Jones, a former Marine Corps commandant and NATO commander, praised the president's choice to increase the Defense Department budget, grow the Army and Marine Corps and delay planned reductions of the Air Force and Navy. In the meantime, the United States is working to bring the war in Iraq to a close while taking a more comprehensive approach to Afghanistan, he said.
"We are doing everything we can to bring the war in Iraq to a responsible end, and we are pursuing a comprehensive strategy in Afghanistan and Pakistan, including a new commitment of U.S. forces in Afghanistan to disrupt, dismantle and defeat al-Qaida and its allies," he said.
Jones noted the importance of including Pakistan in a more broad approach to the region, and praised recent Pakistani military action against Taliban strongholds in the country's Northwest Frontier province.

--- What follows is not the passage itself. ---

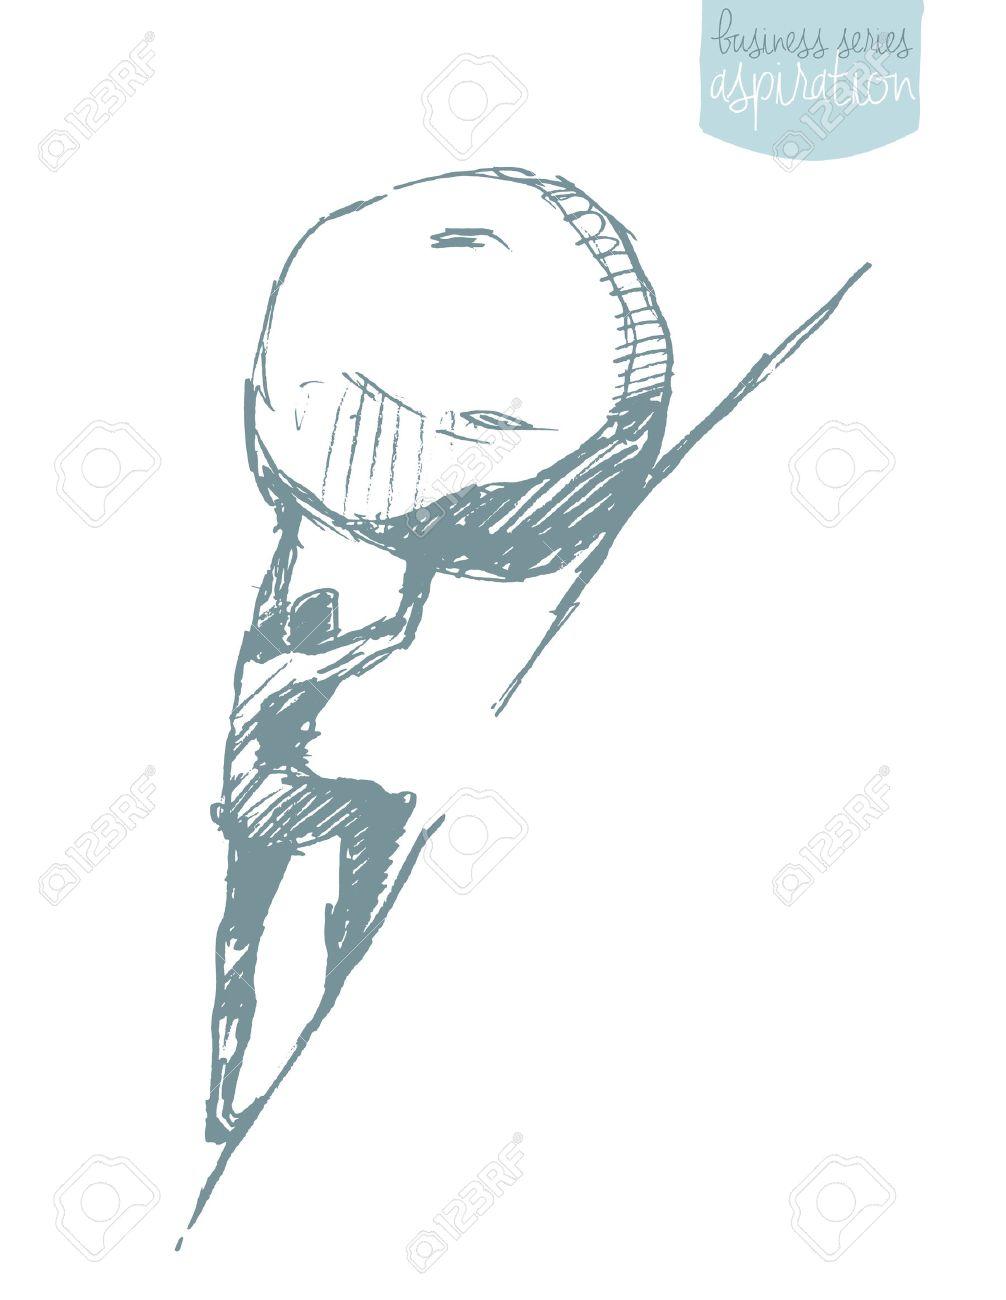 Young businessman pushing large stone uphill, illustration, sketch. Sisyphus myth. - 63805926
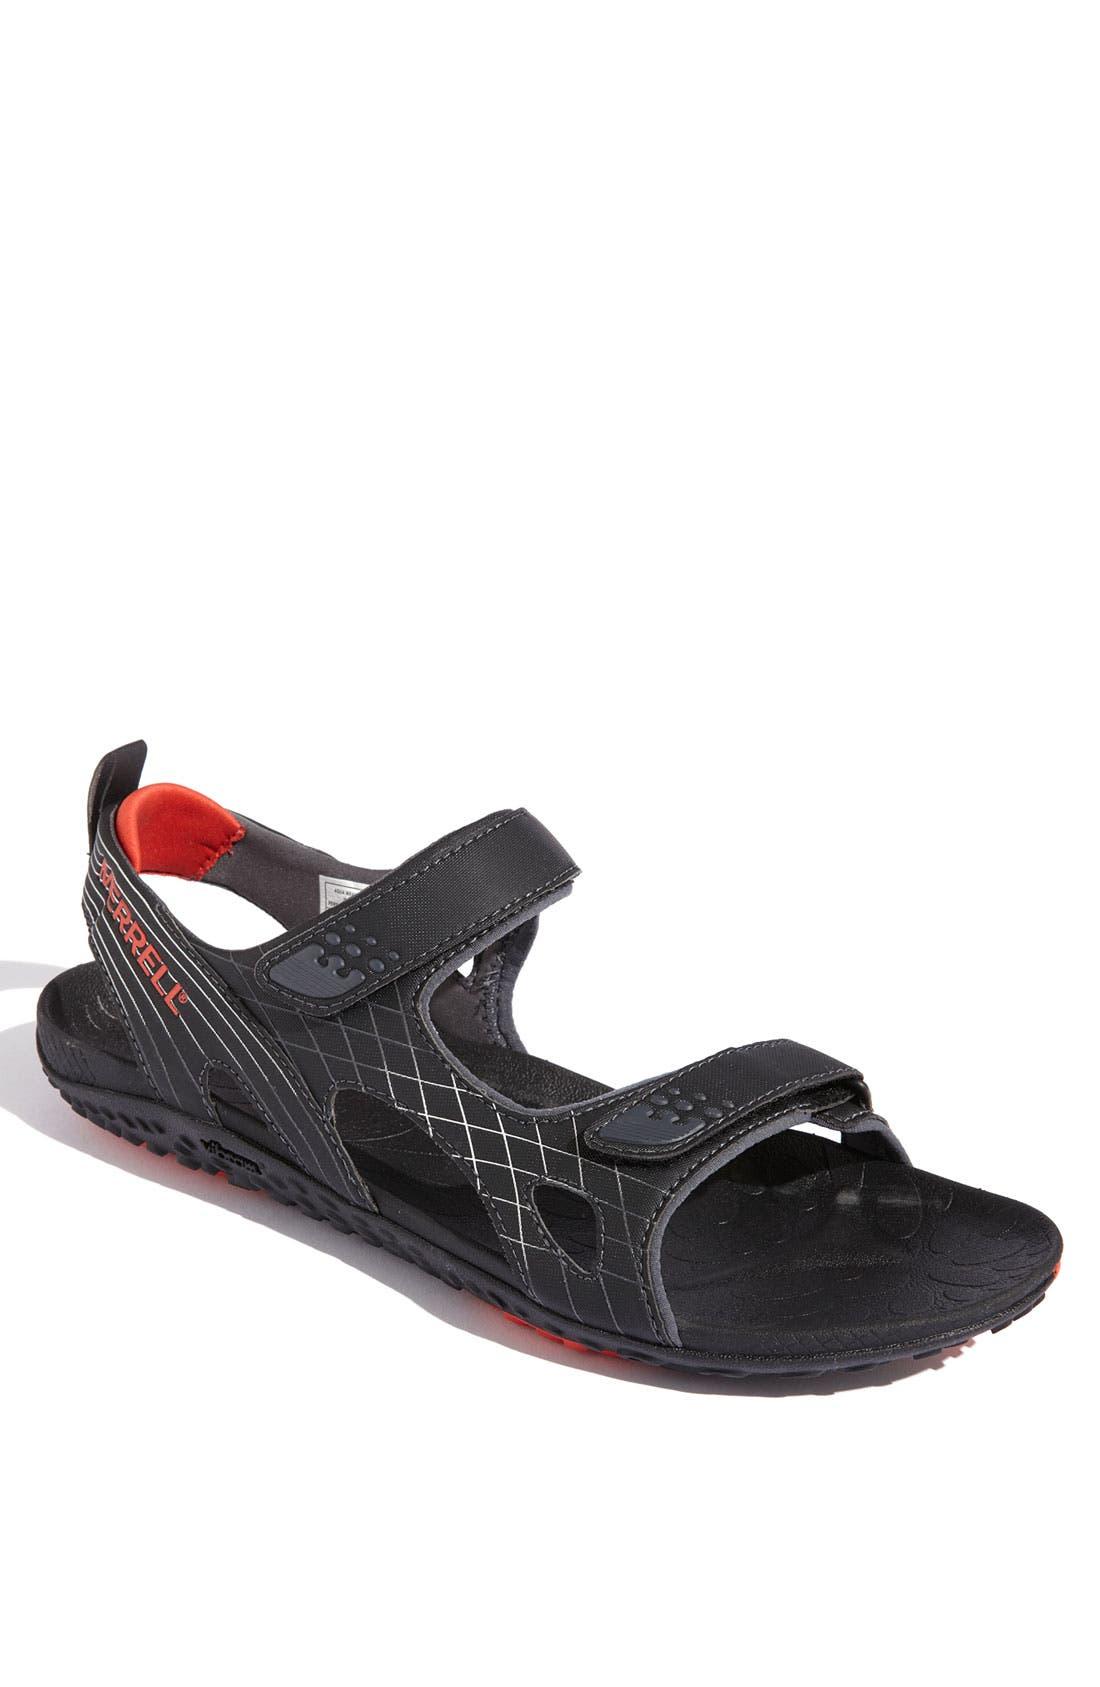 Alternate Image 1 Selected - Merrell 'Aqua Wrap' Water Sandal

In parts of the Pakistan-Afghan border region, the Taliban had been welcomed by residents who saw the militants as being capable of providing justice and order where the government in Islamabad had failed. Clashes between the Pakistani army and Taliban fighters escalated last week in the Swat Valley area on the heels of fighting in the Buner and Dir districts.
"We're also happy to see in Pakistan a new and comprehensive, and so far impressively successful, effort by the Pakistani army to react to its challenge by its extremists," Jones said, adding that Pakistan is handling with great skill the refugee problem caused by the fighting.
The United States under Obama's leadership, Jones said, is making new investments in the capabilities necessary for confronting 21st century challenges -- both conventional and unconventional.
"We need to be able to anticipate the kind of operations that we should be thinking about six months to a year ahead of time in different parts of the world to bring the necessary elements of national and international power to bear to prevent future Iraqs and future Afghanistans," he said.
Focusing more resources on recognizing developing problems abroad and assisting foreign governments through nonmilitary means sometimes is referred to as "Phase Zero" operations, which Defense Secretary Robert M. Gates has said is emerging as one of the department's "big themes," the national security advisor said.
Jones said 21st century challenges differ from the previous century in that current threats "come in waves" that often are asymmetric, which can be characterized by tactics ranging from anti-satellite or anti-air capabilities to weapons of mass destruction or cyber attacks.
"It is not just about a war on terror," he said. "It has components relating to proliferation, to climate and energy, economic security, cybersecurity, the illegal trafficking of humans, narcoterrorism, any number of things," he said.